About Me

I'm Aaryan Shah, a Data Scientist and Data Engineer based in Los Angeles, currently pursuing a Master's in Applied Data Science at USC (graduating May '25). I specialize in Data Mining, Analytics, Machine Learning, and NLP. My blend of academic knowledge and hands-on experience equips me to deliver data-driven insights and solutions for strategic decision-making.

In my work, I specialize in:

🧑🏻‍💻Data Engineering: Developing robust data pipelines and integrating data from multiple sources to support seamless analytics.
🤖Machine Learning & NLP: Building and optimizing machine learning models, including natural language processing (NLP)and large language models (LLMs), to drive insights and enhance data-informed decision-making.
📊 Data Analysis & Visualization: Translating raw data into meaningful patterns and visual insights using advanced dashboarding tools like PowerBI and Tableau, ensuring real-time, actionable insights are accessible across teams.
📈Big Data & Cloud Technologies: Utilizing big data tools like Apache Spark alongside AWS and Azure services to efficiently process and analyze vast datasets, enabling comprehensive, data-driven strategies.

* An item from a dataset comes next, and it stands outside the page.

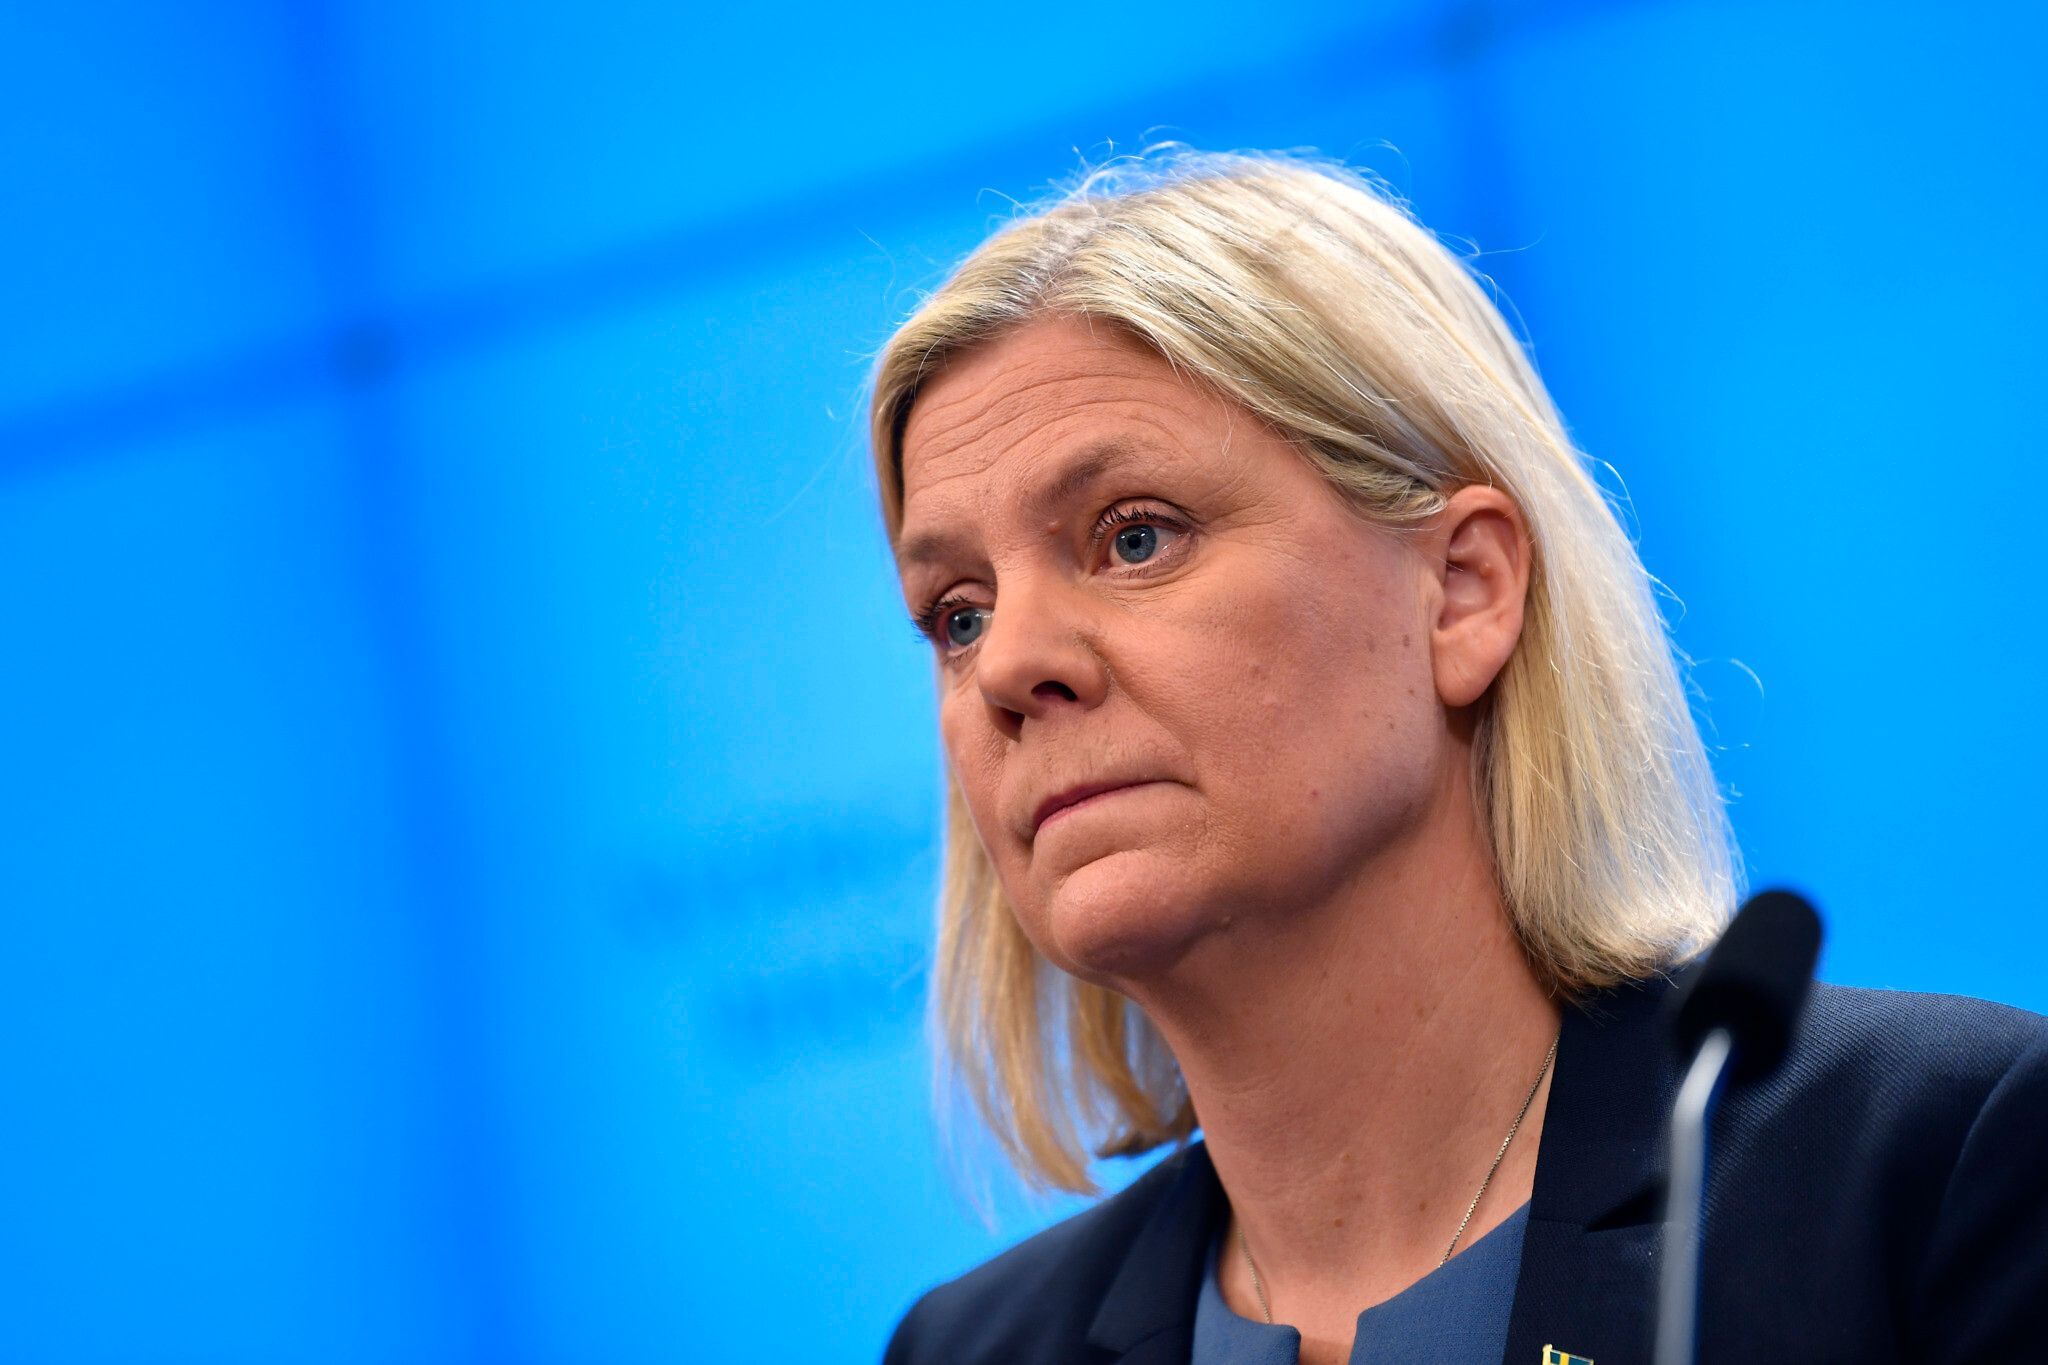 Magdalena Andersson, prima femeie premier al Suediei, a demisionat la doar câteva ore după ce a fost aleasă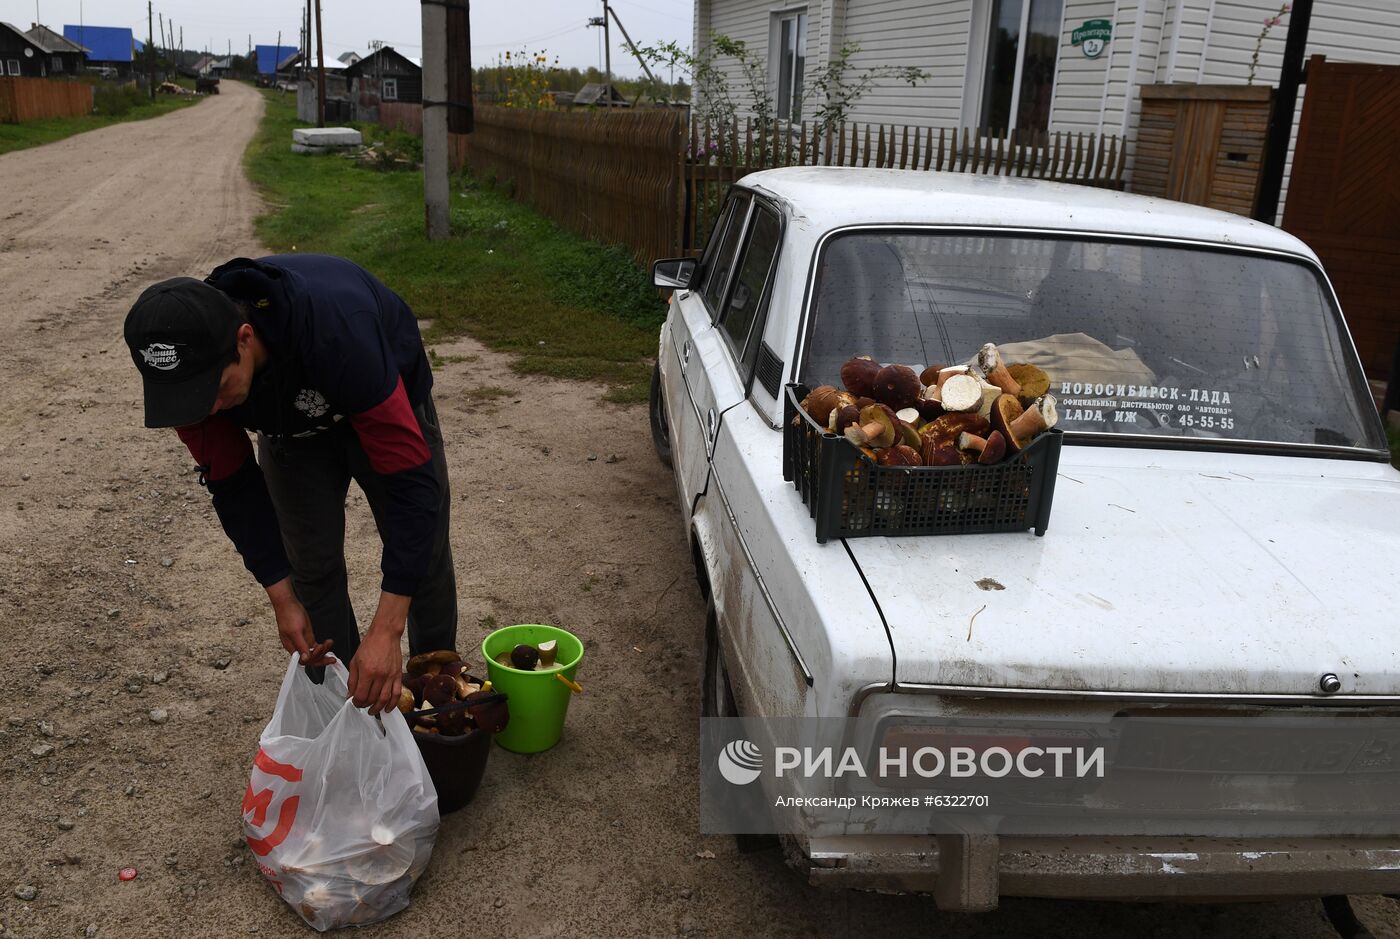 Сбор и заготовка грибов в селе Юрт-Акбалык

🌟 I believe in having fun, taking ownership of my work, and always trusting in my abilities. Known for my adaptability, precision, and strong work ethic, I bring a unique blend of creativity and analytical thinking to every project. Outside of work, I enjoy capturing the world through photography and travel, always seeking new perspectives.

Languages

My favorite languages for systems programming and software engineering.

Databases

My preferred databases for building scalable applications.

Libraries

My go-to libraries for machine learning and data analysis.

Dashboards

My preferred tools for creating interactive dashboards and data visualizations.

MLOps

My tools for deployment and infrastructure management.

Tools

My essential tools for development and collaboration.

Cloud

My cloud platforms for hosting and deployment.

Big Data

My preferred technologies for large-scale data processing and analytics.

Education

Aug 2023 - May 2025

Master of Science in Applied Data Science

University of Southern California

Los Angeles, CA

Relevant Courses:

Data Science at Scale Machine Learning Statistical Methods Data Management Natural Language Processing Deep Learning Data Visualization Big Data Analytics

Aug 2019 - June 2023

Bachelor of Technology in Electronics and Telecommunication Engineering

University of Mumbai

Mumbai, India

Relevant Courses:

Data Structures & Algorithms Database Management Object Oriented Programming Digital Signal Processing Computer Networks Software Engineering Linear Algebra Statistics

Work Experience

Dec 2023 - Present

NLP Researcher

USC Marshall School of Business

Currently leading a large-scale NLP project, processing over 250,000 data points to categorize strategic initiatives for major oil and gas companies, aimed at enhancing strategic decision-making. Working on boosting a BERT-based model’s accuracy by 20% through a custom neural network architecture that integrates domain-specific clustering with BERT embeddings.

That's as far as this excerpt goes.